Singapore Air Transport Mar 24 - Trickling into a seasonally lulled quarter

3 Apr 2024
  • Another weak month for the Singapore air transport sector, as the valuation disparity has drawn investors to HK/China-listed peers. China was the last country to lift border restrictions, and HK/Chinese carriers, such as Cathay Pacific, are catching up on volume and profitability (Figure 5).
  • SIA passenger load factor fell again in Feb 24 (Figure 1). Cargo volume also declined after the short spike in Jan from CNY and the Red Sea conflict (Figure 2). It was a similar trend for passenger and airfreight volume at the Changi Airport (Figure 3 & 4).
  • We are UNDERWEIGHT on air transportation.



Jet fuel prices climbed 12.4% YTD (Figure 6) as demand rose in tandem with air travel recovery in Asia. The sanctions imposed on Russia by the EU and UK reduced the supply and raised the price of diesel. Complex refineries that can adjust production would prioritise diesel output over jet fuel, thus curbing jet fuel supply and lifting prices.


The merger of Air India and Vistara received the conditional approval from the Competition and Consumer Commission of Singapore. The two airlines undertake to maintain flight capacity at pre-pandemic levels to address concerns that the combined entity would have a dominant share of some routes between Singapore and major Indian cities. The merger still needs further regulatory and foreign direct investment clearances. SIA will own 25.1% of the combined entity in exchange for its existing 49% stake in Vistara and S$360mn cash. SIA also commits to inject a further S$880mn cash into the JV.
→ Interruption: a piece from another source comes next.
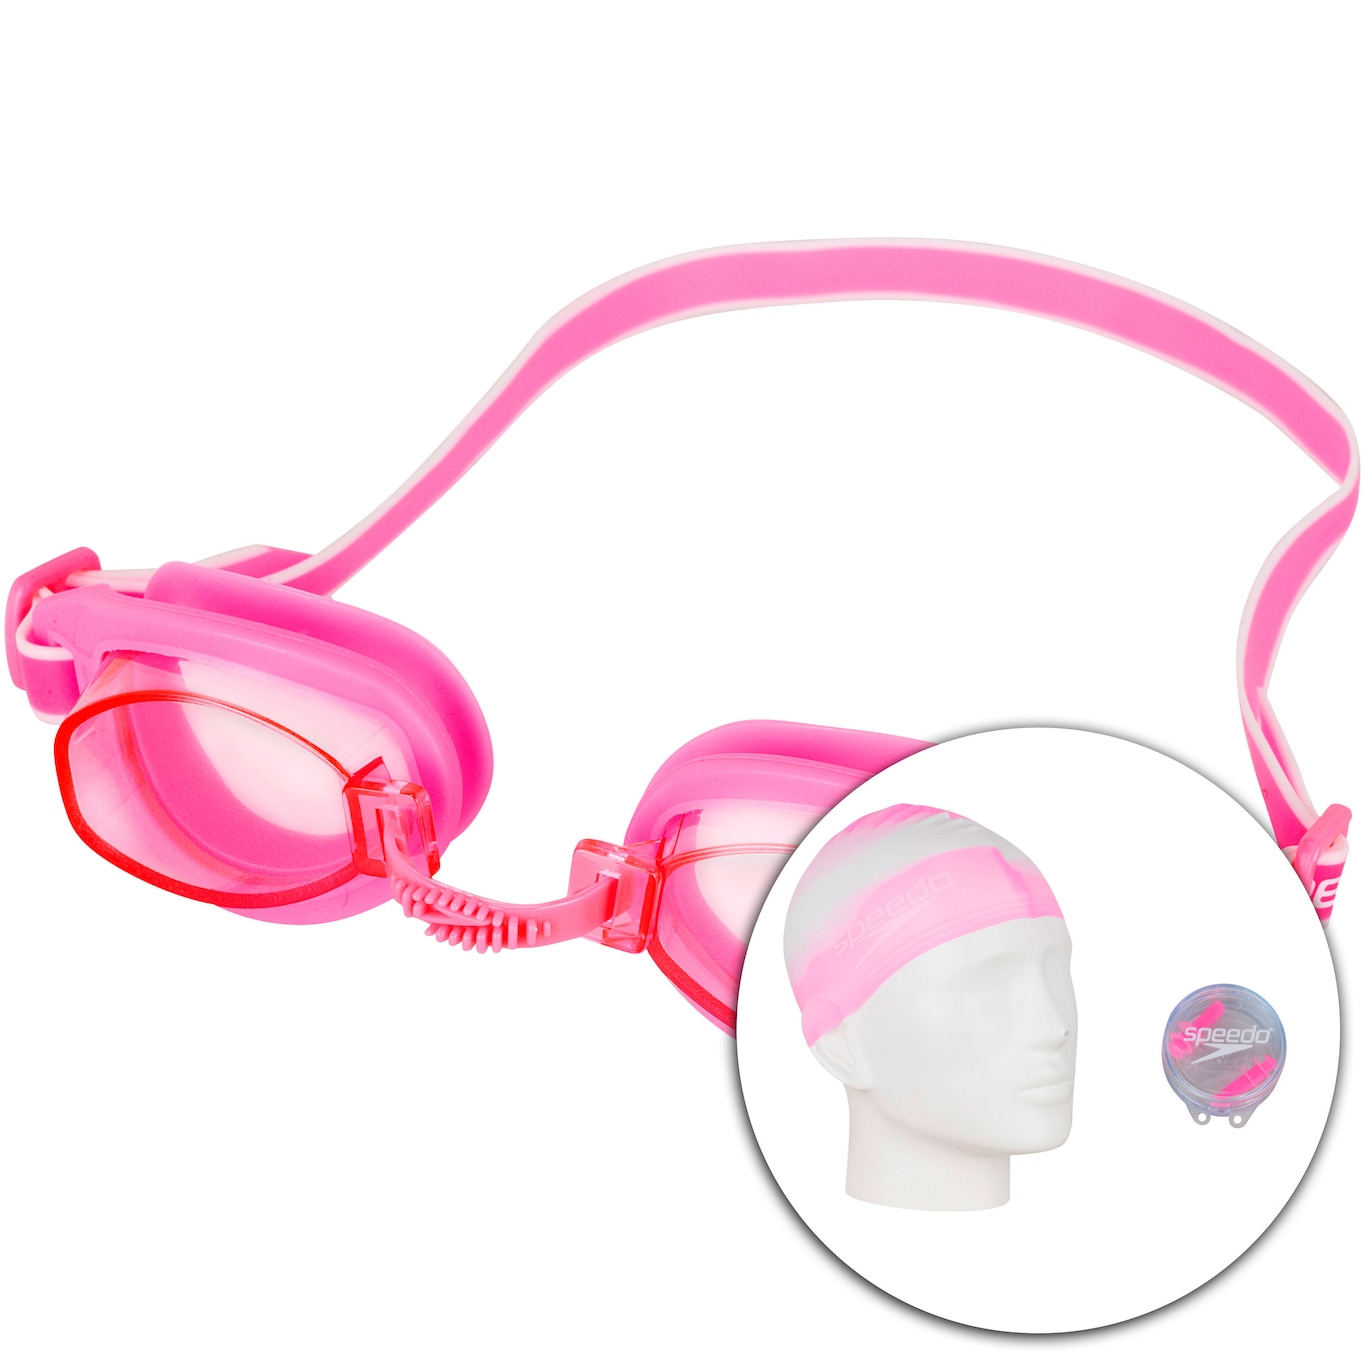 Kit de Natação Speedo Swim com Óculos + Touca + Protetor de Ouvido - Adulto - Foto 1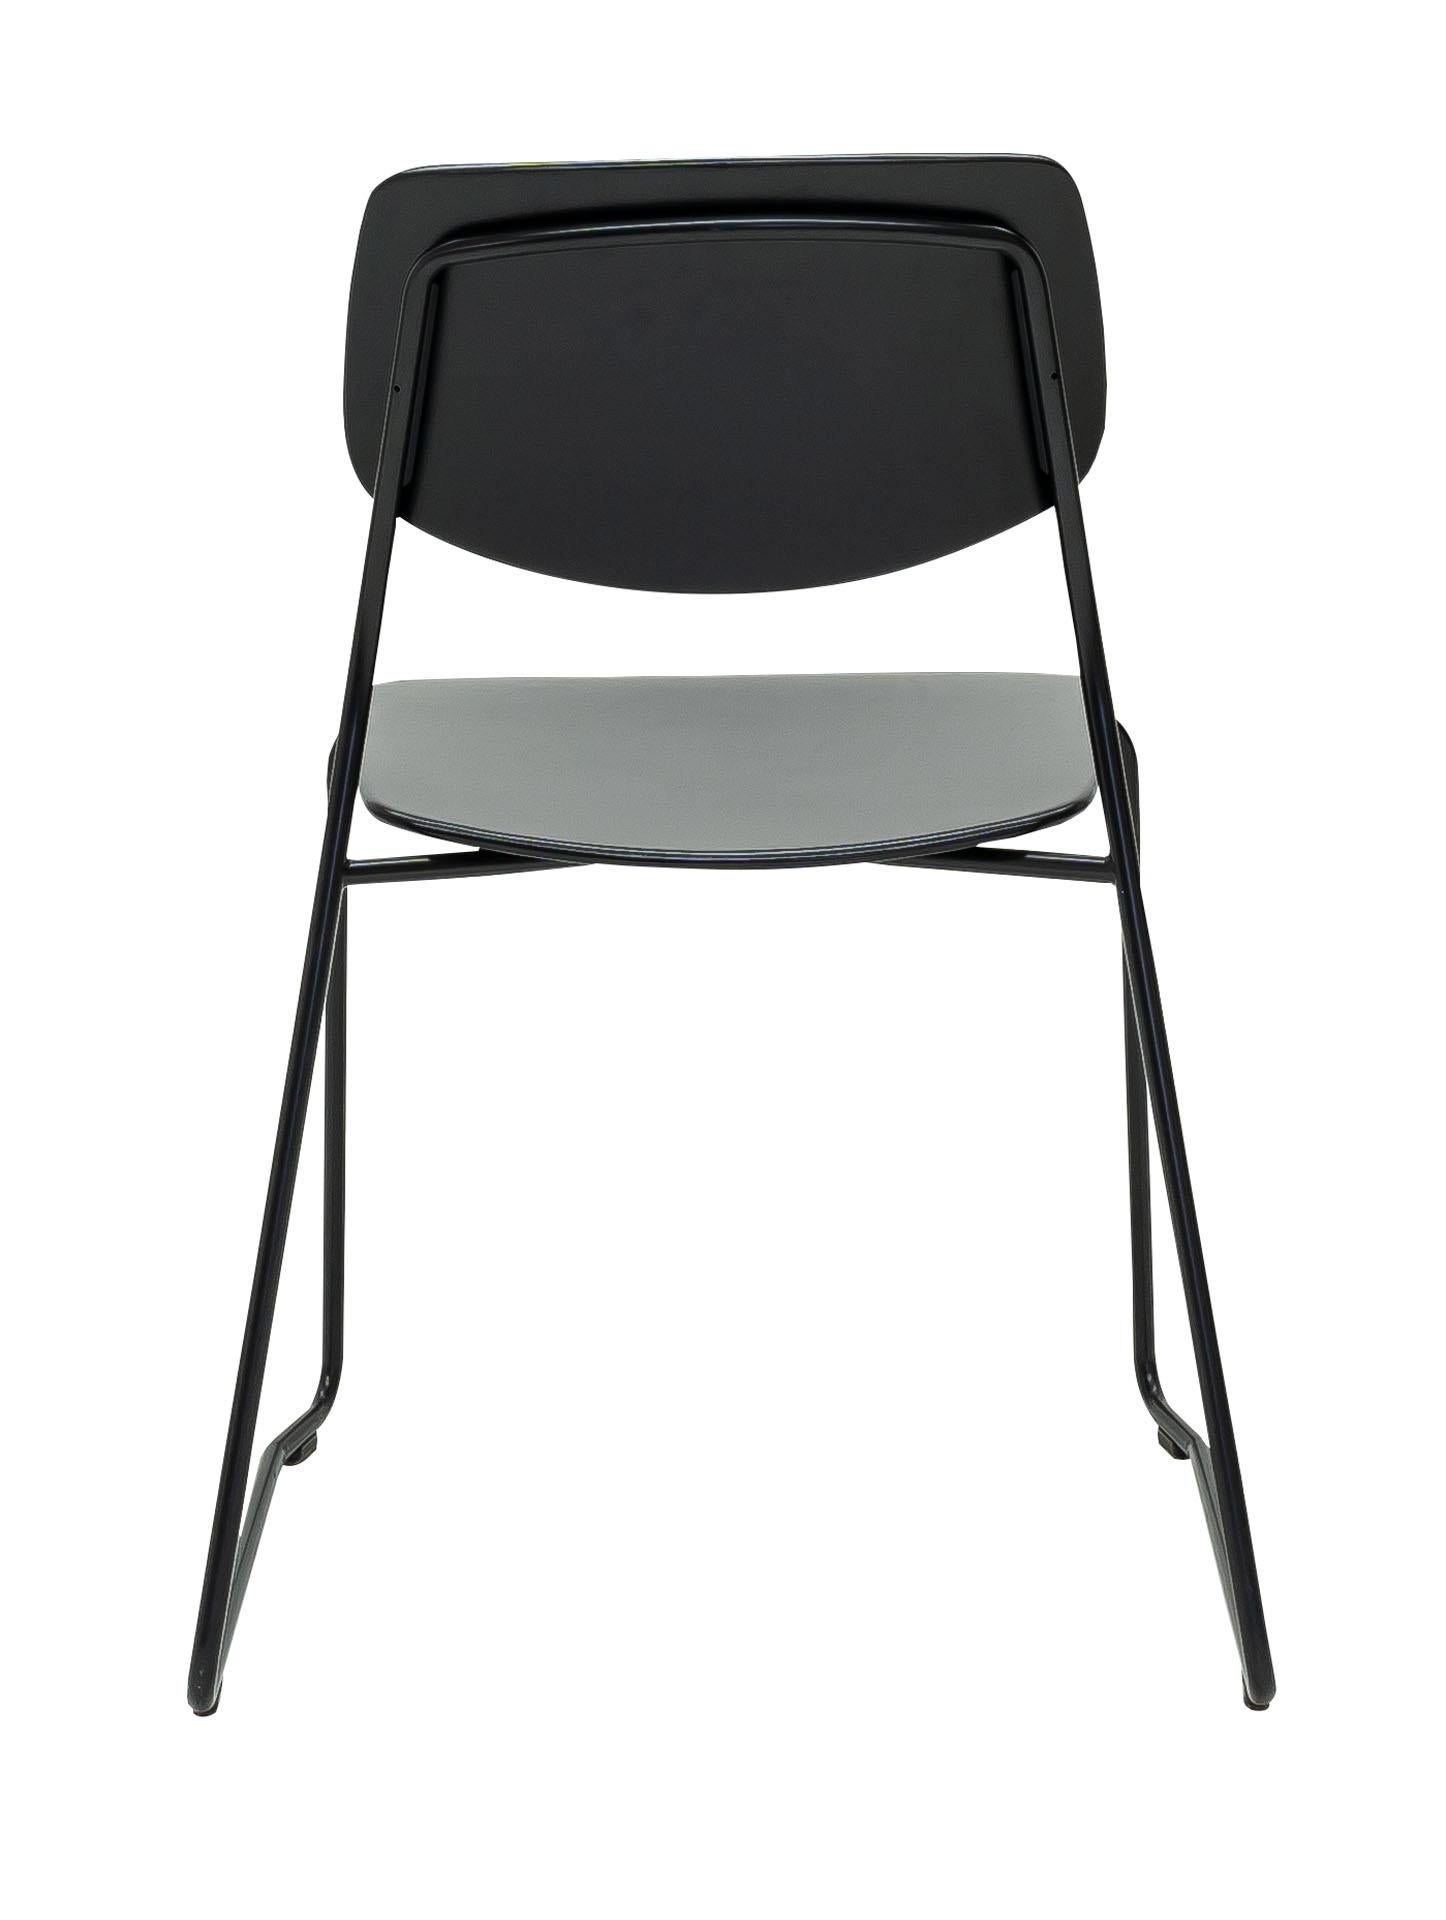 Dietiker Felber C14 Sled Modern Dining Chair, Modular Design, Set of 2 In New Condition For Sale In Stein am Rhein, CH

SIA Engineering will exit and write off S$25.1mn from its participation in Pratt & Whitney’s  PW1500G engine Risk-Revenue Sharing Programme (RRSP). Participants are required to share the costs, risks, and revenues of the PW1500G geared-turbofan engine, from its design and development to production (including engine spare parts), post-certification engineering support, marketing and sales, and aftermarket services, including MRO. The exit would cut SIE’s need for further capital injection into the RRSP, but could negatively impact engine capability and engine MRO jobs for 49%-owned Eagle Services Asia Pte Ltd (ESA). ESA contributed S$17mn to SIE’s FY23 pretax profit.



If completed, the merger of Air India and Vistara could result in a non-cash accounting gain of S$1.1bn in SIA’s book (S$0.40/share), we estimate. This has not been included in our FY25e NAV estimate of S$5.91.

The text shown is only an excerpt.